Единственно чтоб оглушить, ибо к чему ж мне зазря арифметику усугублять?
Существо она безобидное, и дома ей быть никак не следовало — она к куме
чаевничать отправилась. Что удивляетесь? Говорю ведь: я справки навел, а
человек я обстоятельный… Ну вот, стало быть, сначала Алену Ивановну с Чебаровым
сплюсовал — к ростовщице якобы заклад хороший принес, к стряпчему — кляузу.
Жадны очень были, нисколько я с ними не затруднился. А потом и Дарьюшку, жабу
мерзкую, угостил. Это и того легче вышло. С Ресслихшей только замешкался.
Выманила она себе отсрочку, сама того не ведая.

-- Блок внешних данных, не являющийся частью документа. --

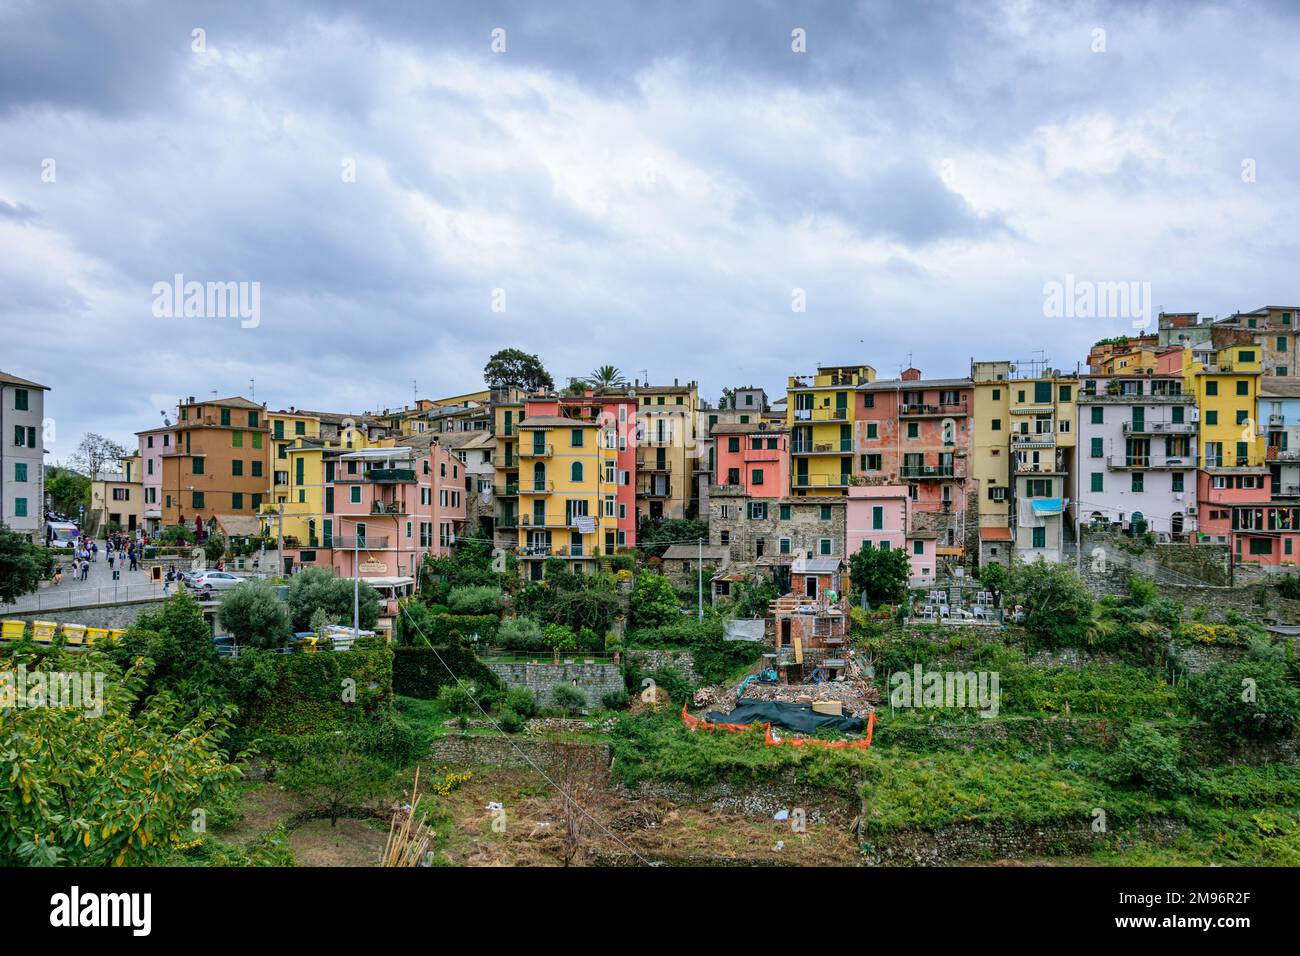 Corniglio, a cliff-top village on the Cinque Terra, Italy Stock Photo

Помещику отчего-то стало вдруг весело, так весело, что он со
смеху пополам согнулся. Удобнейший был момент, чтоб револьвер с полу подобрать,
но Порфирий Петрович не стал.
— Чем же она так себя перед вами отличила?
Аркадий Иванович разогнулся, с важным видом сказал:
— Жениться я собрался, по Гертруды Карловны протекции.
Уж несколько дней в женихах хожу. Она говорит: «Девочка — прелесть, совершенно
в вашем вкусе. И родители возьмут недорого. Только уговор: после медового
месяца вы жену ко мне привезете, на что она вам? А я уж ей применение сыщу».
Хотел я Гертруду в тот самый миг по маковке угостить, благо и трость при мне
была. Любопытство удержало. Животное ведь во мне никуда не делось. Сходил,
поглядел — и вправду очень хороша. Не только телесно, в этом возрасте они все
персики. Но у этой в глазках еще и гордость читается, и характер, и страсть.
Эх, подумал я, минусом больше, минусом меньше. Ресслихшей же и
расплачусь. — В его глазах мелькнули веселые, безумные огоньки. —
По-моему, даже остроумно. А, с другой стороны, отчего бы мне и не жениться?
Предстать пред очи той, другой, уже не мечтаю: отвергла и вновь отвергнет. Ей
не нуль нужен, а величина положительная. Для путешествия же, в которое я
собираюсь, и нулем обойтись можно. Я в Америку нацелился уплыть, не говорил я
вам?
— Поминали-с, про Новый Свет.
— Интереснейшее, говорят, место. У меня там знакомец
один проживает. Очень расхваливает… О чем бишь я? — Аркадий Иванович потер
лоб. — Ах да, арифметика. Считайте сами: за немую девчонку, лакея и Марфу
Петровну я расплатился процентщицей, Чебаровым и Дарьей Францевной. Господина
Лужина, — он кивнул на труп Петра Петровича, — хотел я себе в кредит
вписать, как будущую индульгенцию. Очень уж гнусный экземпляр. Да жалко
мальчишка, помощник ваш, припутался. Ничего, это квит на квит пойдет. Таким
образом на сей момент я полностию чист и выведен в нуль целых, нуль десятых.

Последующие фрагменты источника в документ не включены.